That is the worst DJ in the history of radio.

He gets a situation like this raw and live on his show and his first reaction is ..

"I'm gonna let you guys go"

This **** is radio GOLD!

I'd fire him if I was running that station.
He's an idiot.


----------



## DoktorFun (Feb 25, 2014)

Bang Bang!


----------



## tacoma (May 1, 2011)

MattMatt said:


> Now, if only my sound card hadn't died...


Woman calls into a radio talk show, topic is cheating, she states she's been in an affair for "a couple years", gives her reasoning while the female DJ kinda disses her for being a cheater.

Her reasoning is husband doesn't pay attention to me OM does.

Two minutes later another caller is hooked into the show.
Turns out it's her BIL (Said it sounds like his SIL Sarah. Sarah responds by saying "oh my god" then starts balling telling him it's none of his business.)who starts giving her serious **** for cheating on his brother.

Then the idiot male DJ (two DJ's) says.."I'm gonna let you guys go."
Call over.

I know it's serious but I can't help but find it funny she got busted over the radio.


----------



## bfree (Sep 30, 2012)

Disgusting


----------



## 6301 (May 11, 2013)

You would think that they would have some sort of a 10 or 15 second delay if it's live radio just in case someone said a derogatory statement that could be bleeped out. 
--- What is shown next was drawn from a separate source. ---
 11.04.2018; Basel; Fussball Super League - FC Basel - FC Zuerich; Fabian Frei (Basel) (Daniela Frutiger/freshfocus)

Not bad enough she's cheating but now everyone knows expect her husband..............at least not yet. Hope someone calls the police and tells them to watch the house before something happens.


----------



## LongWalk (Apr 4, 2013)

Sad modern world. The WW sounded very unhappy and conflicted. She was not happy being in an affair but she was addicted to the attention from OM and of course she was not putting her energy and emotion into her husband. Her husband may have ignored her for years or may have been trying his darndest, we don't have enough to go by to draw a conclusion.

The lost baby could have been OM's or husband's but she aborted it to "solve" the problem. That gave her additional guilt, saying that she had a miscarriage to cover it up. Could just have been a miscarriage and an additional source of pain.
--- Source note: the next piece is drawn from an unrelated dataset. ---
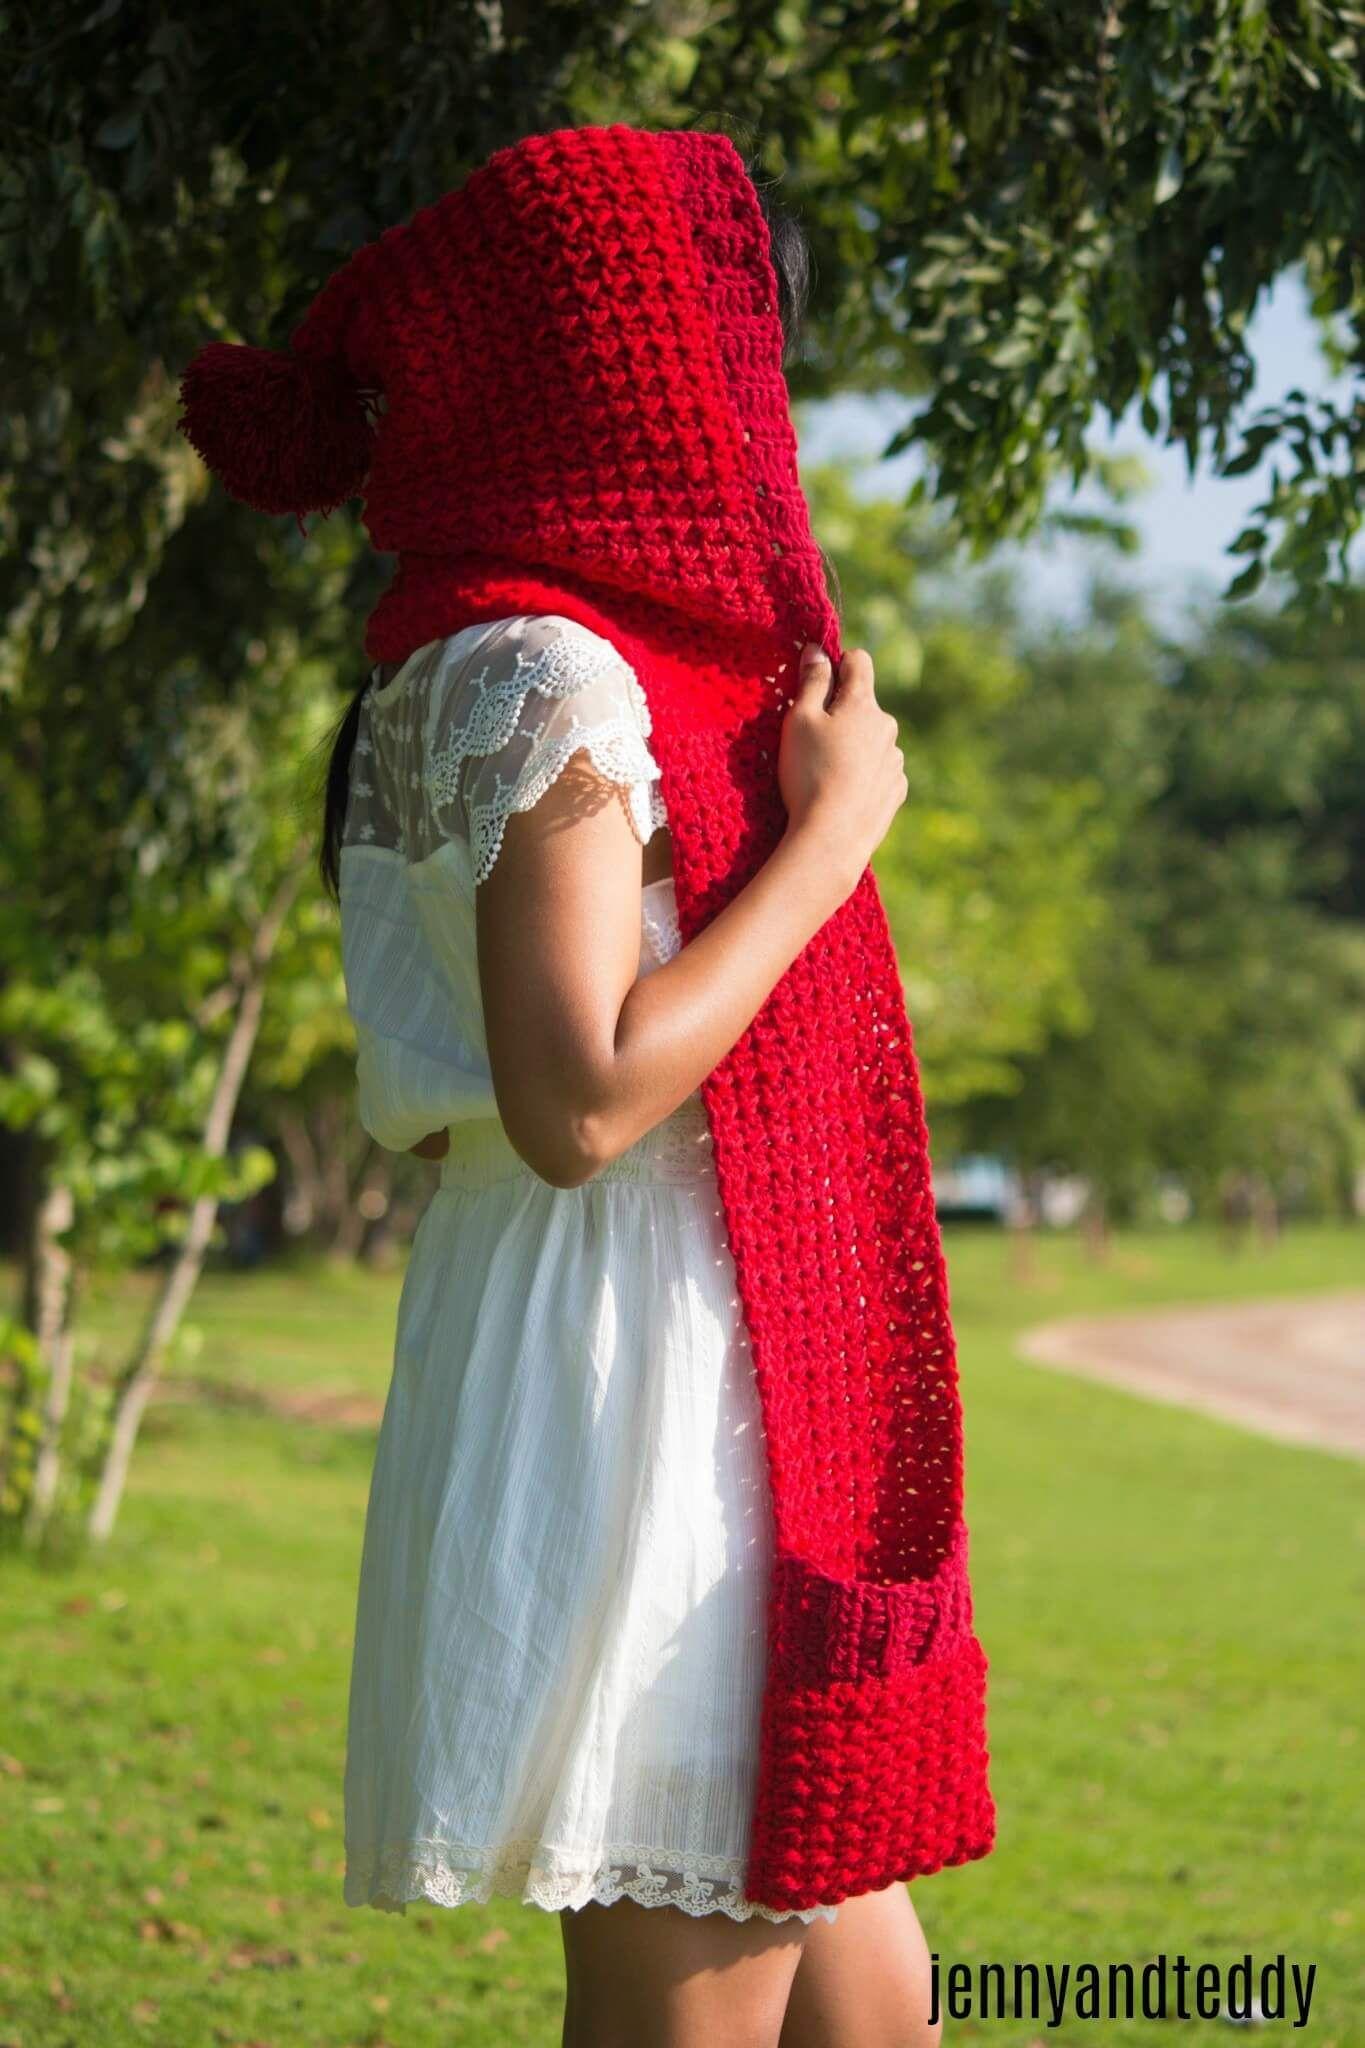 1little red riding hood crochet hoodie hat scarf | Crochet ...

You can be sure the BIL was dialing within one minute of getting off the air... unless the DJ got Sarah to promise to confess on her own with the BIL, agreeing to give her a break beause the radio was a form of confession self-outing. Well, it was, wasn't it. If you go on radio talk show, you secret is out there.

My conclusion: there is hope for that marriage, not great but there is some.

What did the radio personalities say to each other afterwards? Not much, just high five, that was good for the ratings. Due to the high entertainment value.


----------



## MattMatt (May 19, 2012)

Without hearing it -I'll fire up my Chrome Book in a short while- I will say that it is probably faked.

There have been several "cheater caught live on radio" features, most turned out to be scripted and performed by members of staff.


----------



## ConanHub (Aug 9, 2013)

Wow! Would love to see how that panned out. I love how she claims to be there for her family while she is getting boned by a scumbag that couldn't give a sh!t about her kids. 

Mother of the fvckn year!


----------



## Philat (Sep 12, 2013)

MattMatt said:


> Without hearing it -I'll fire up my Chrome Book in a short while- I will say that it is probably faked.
> 
> There have been several "cheater caught live on radio" features, most turned out to be scripted and performed by members of staff.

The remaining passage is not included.